Re:  AT&T Corp. and AT&T of the Virgin Islands, Inc. v. Virgin 
     Islands Telephone Corporation, D/B/A/ Innovative Telephone ( 
     File No. EB-04-MD-002)

     I am troubled by today's decision that finds the Virgin 
Islands Telephone Corporation (``Vitelco'') liable for refunds 
for overearnings on 1997 interstate access rates on the basis 
that such rates were not ``deemed lawful'' under section 
204(a)(3) of the Communications Act.

     Under section 204(a)(3), a local exchange carrier's access 
tariff, filed on a streamlined basis, is ``deemed lawful and 
shall be effective 7 days (in the case of a reduction in rates) 
or 15 days (in the case of an increase in rates) after the date 
on which it is filed with the Commission unless the Commission 
takes action...before the end of that 7 day or 15-day period, as 
appropriate.1   The ``deemed lawful'' language in section 
204(a)(3) immunizes from challenge those rates that are not 
suspended or investigated before a finding of unlawfulness.2   
Filing carriers are not subject to liability for damages when 
tariffs take effect, without suspension, under section 204(a)(3) 
and even if they are subsequently determined to be unlawful in a 
section 205 investigation or a section 208 complaint proceeding. 

     On June 27, 1997, the Common Carrier Bureau (``Bureau'') 
issued an order suspending and setting for investigation 
Vitelco's July 1997 to December 1997 tariff filing.3 On July 28, 
1997, on its own motion, the Bureau issued an order reconsidering 
its decision to suspend and investigate Vitelco's tariff and 
declining to investigate that tariff.4

     Today's action finds that the Bureau's Suspension Order 
``stripped Vitelco's July 1997 tariff of their deemed lawful 
status,''5 even though in the subsequent Reconsideration Order 
the Bureau reversed its decision to investigate the tariff.  The 
Commission finds that while the Bureau had the authority to strip 
the ``deemed lawful'' status from Vitelco's 1997 access rates, 
the Reconsideration Order cannot restore the lawfulness of 
Vitelco's rates because the Bureau does not have the authority to 
issue such order.6   
     
     Today's decision essentially endorses the Bureau's ability, 
on delegated authority, to deny the presumed ``deemed lawful'' 
status associated with a carrier's streamlined tariff filing and 
effectively foreclose Commission review of that decision.  On its 
own, the Bureau suspended and set for investigation Vitelco's 
tariff filing.  That action revoked the ``deemed lawful'' status 
of the tariff.  One month later, however, the Bureau reversed its 
decision to investigate the tariff and the lawfulness of 
Vitelco's tariff was thus never subsequently addressed.   A 
procedural mechanism that enables the Bureau to strip carrier 
tariffs of their presumed lawfulness through a one-day suspension 
and subsequent failure to follow through on an investigation is 
inherently unfair and inconsistent with the intent of Section 
204(a)(3).  Accordingly, I approve in part and dissent in part 
from the order. 

_________________________

1  47 USC 204(a)(3).
2  See, In the Matter of Implementation of Section 402(b)(1)(A) 
of the Telecommunications Act of 1996, Report and Order, 12 FCC 
Rcd 2170 at paras.19-21 (1997) (``Streamlined Tariff Order'').  
3  1997 Annual Access Tariff Filings, Memorandum Opinion and 
Order, Suspension Order, 13 FCC Rcd 5677 (Com.

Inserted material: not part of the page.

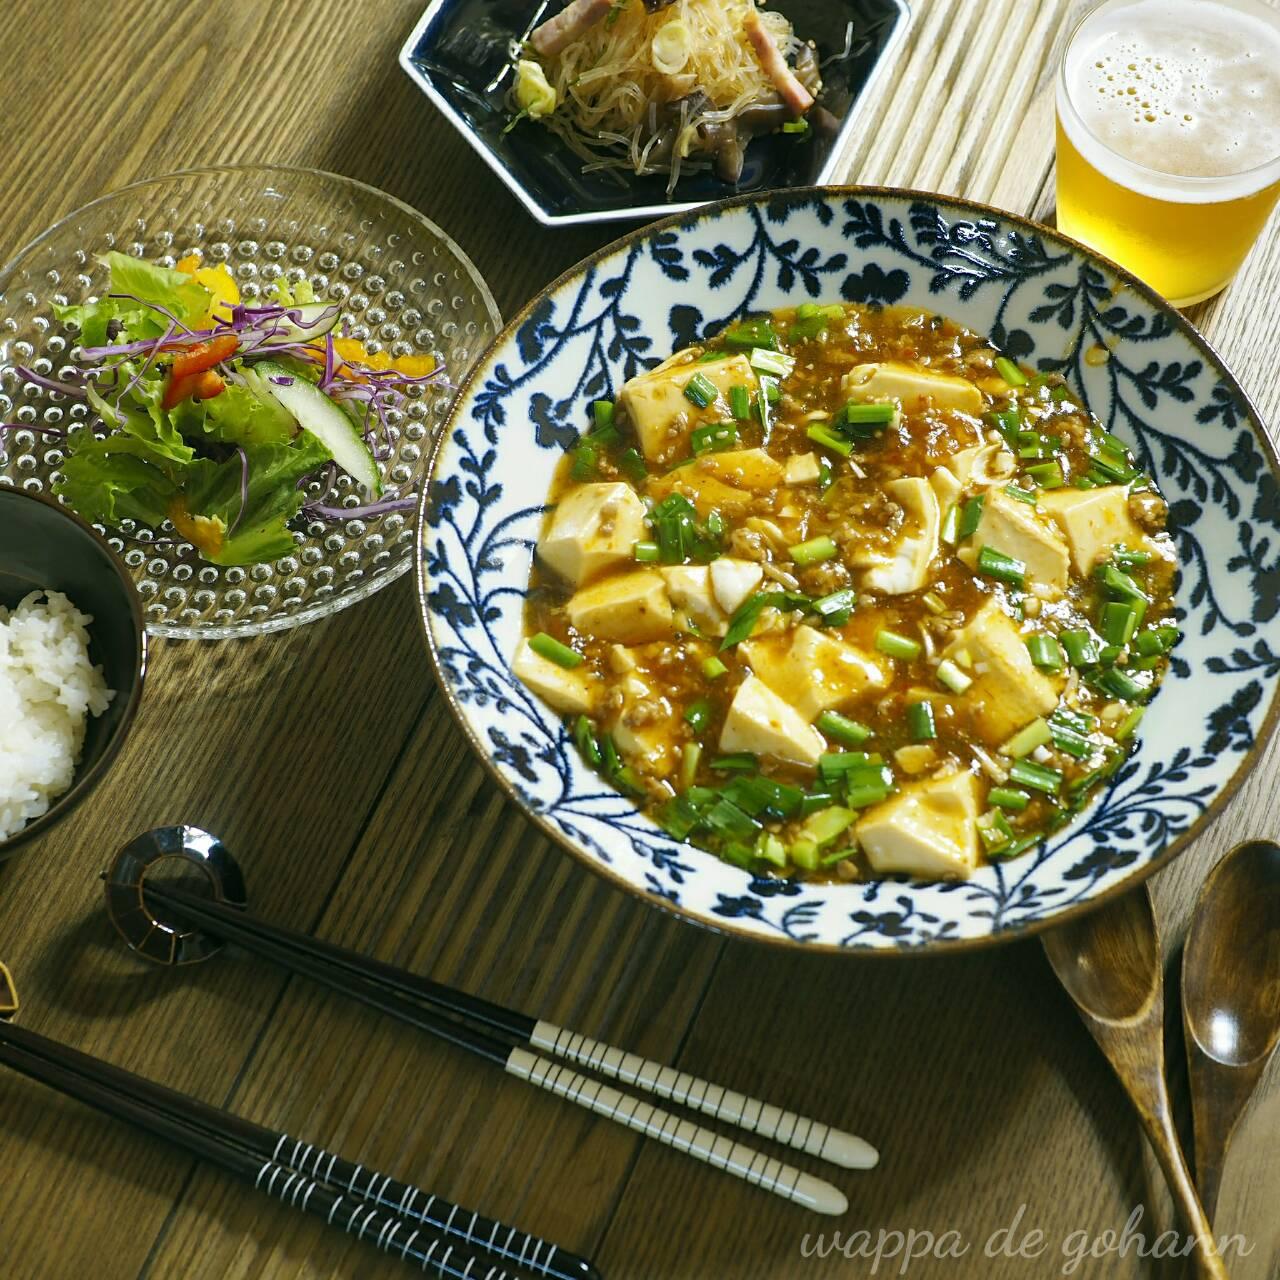 麻婆豆腐の晩ごはん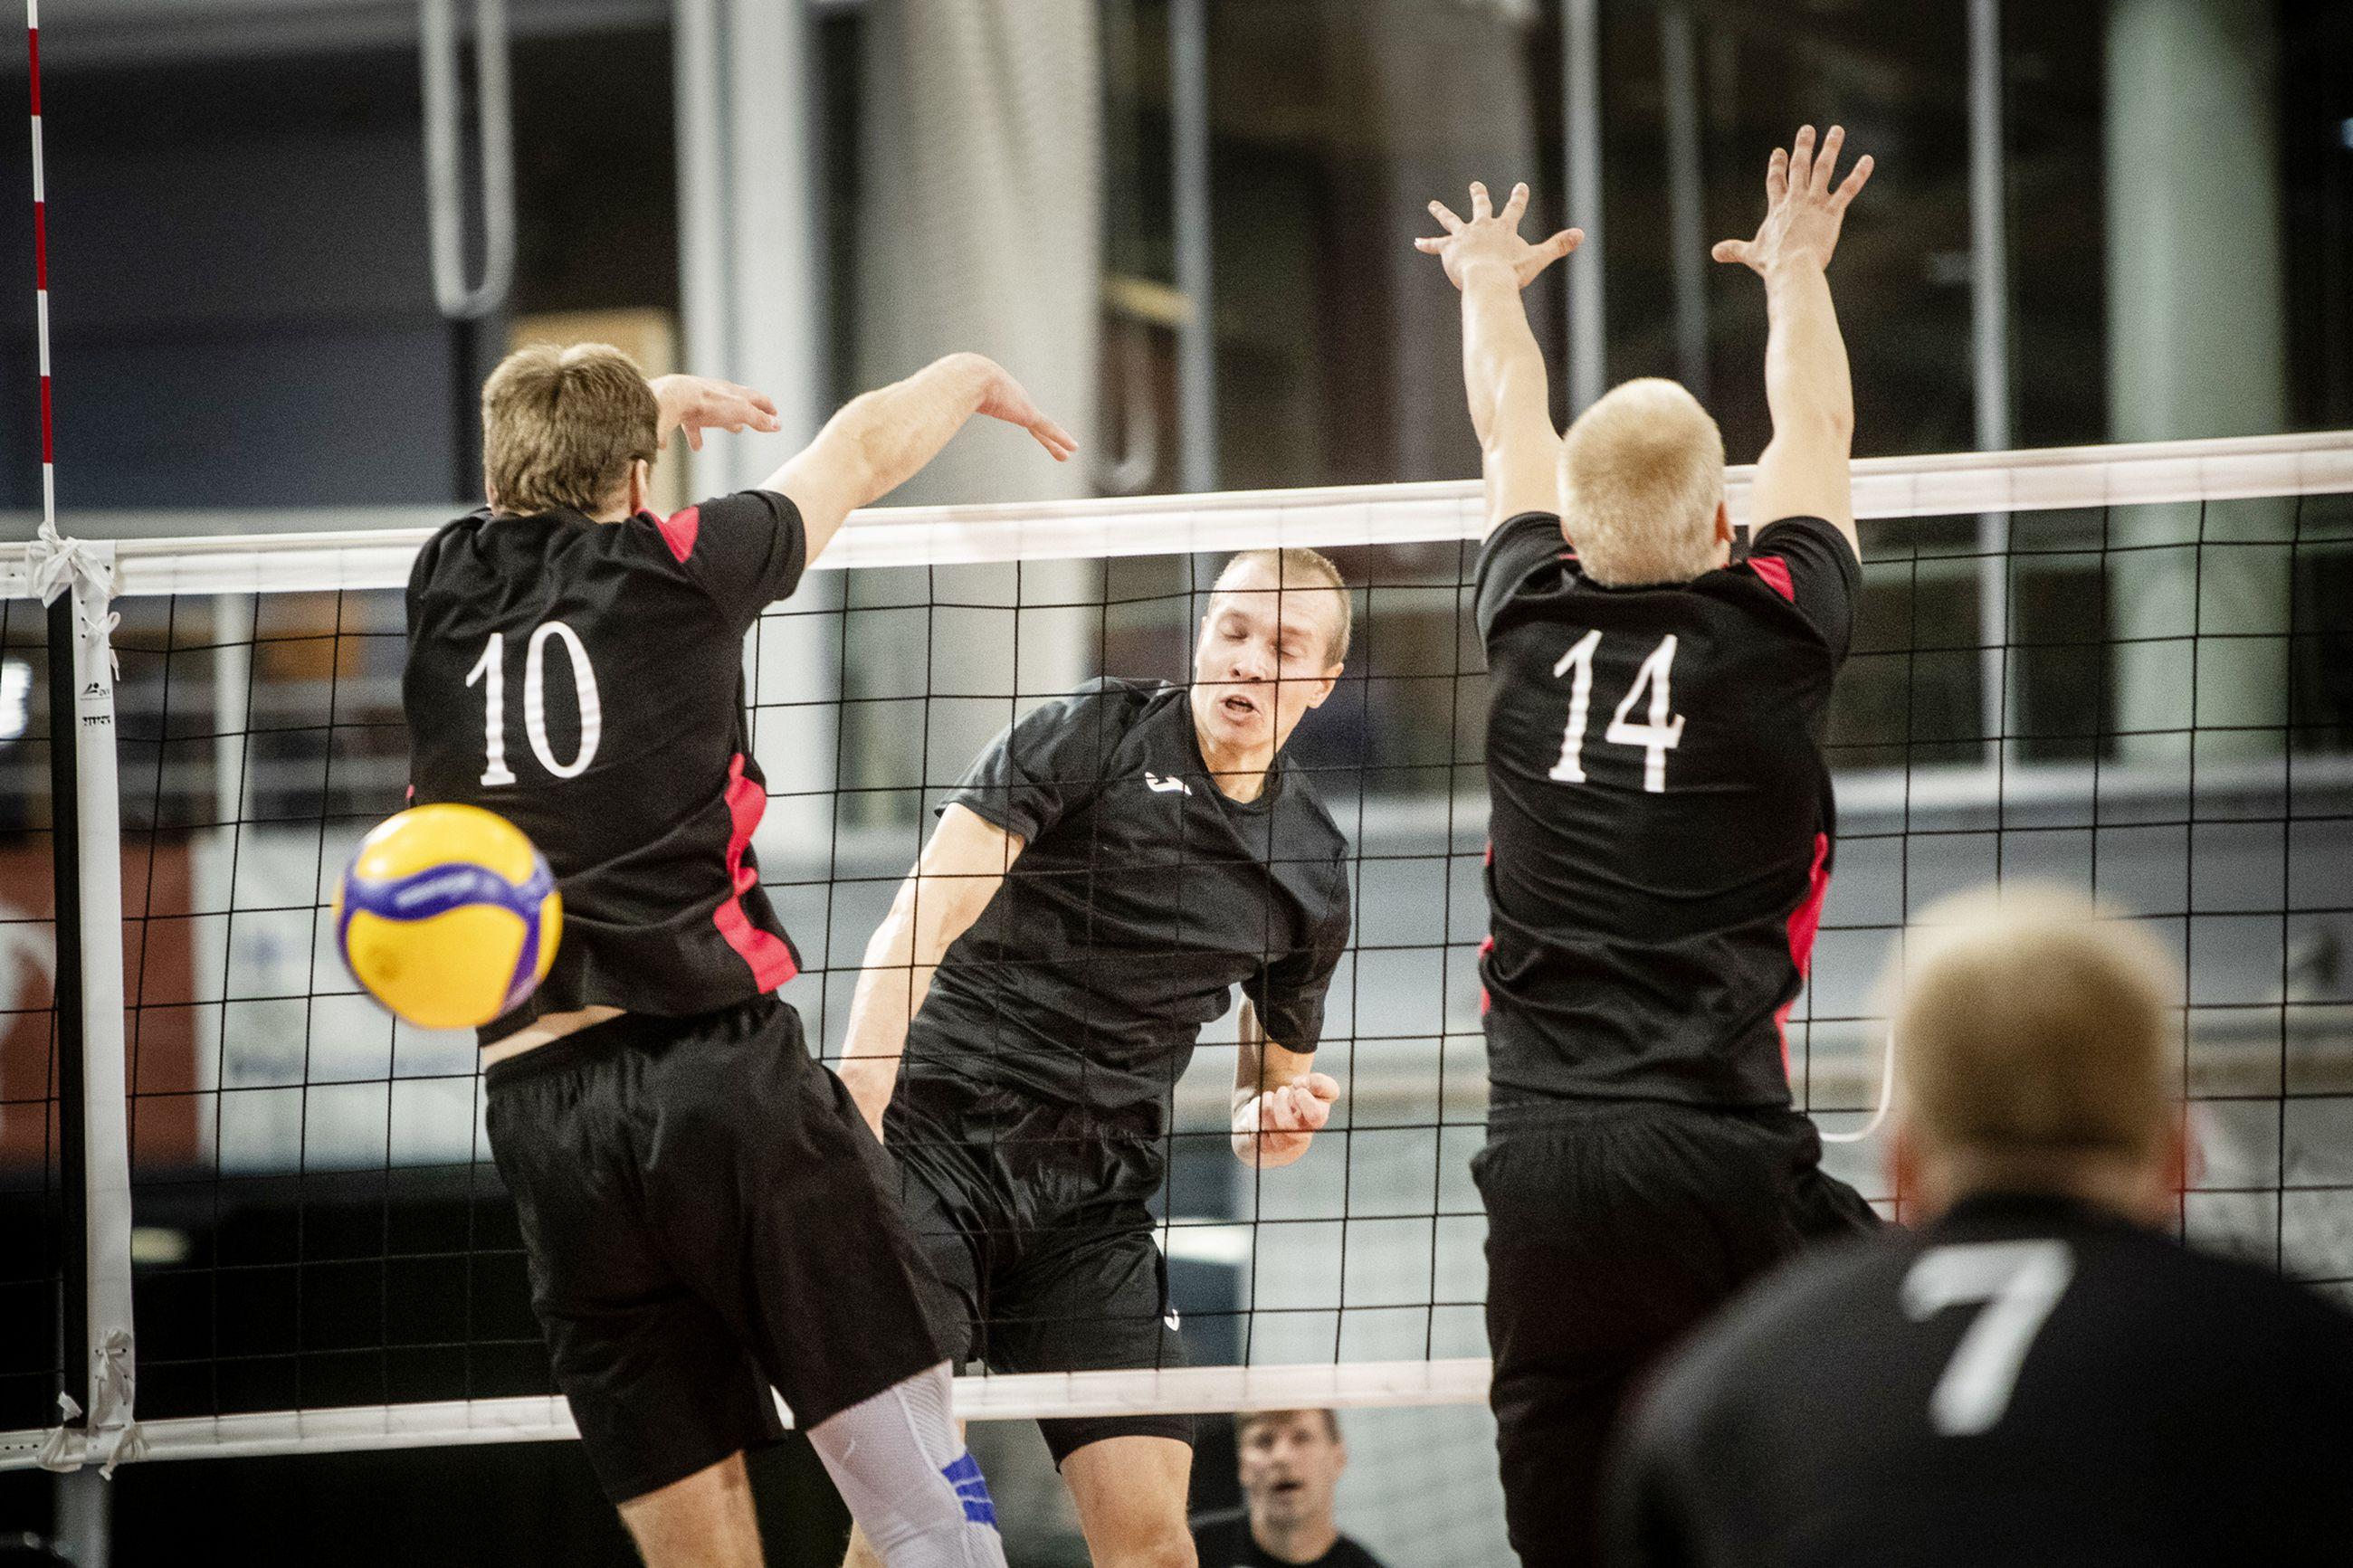 Perungan Poikien uusi hakkuri Eetu Häyrinen tuli kovaa ja korkealta kolme erään. Ettan Aleksi Muukkonen(10) ja Nuutti Niinivaara harovat tyhjää.

Car. Bur. June 27, 
1997) (``Suspension Order'').
4  1997 Annual Access Tariff Filings, Order Designating issues 
for Investigation Memorandum Opinion and Order and Order on 
Reconsideration, 12 FCC Rcd 11417 (Com. Car. Bur. July 28, 1997) 
(``Reconsideration Order'')
5 Order at paras. 13, 37.
6 Under section 5(c)  of the Act, the Commission may not delegate 
to a Bureau the authority to take action under section 204(a)(2), 
i.e., to issue an order concluding a tariff investigation.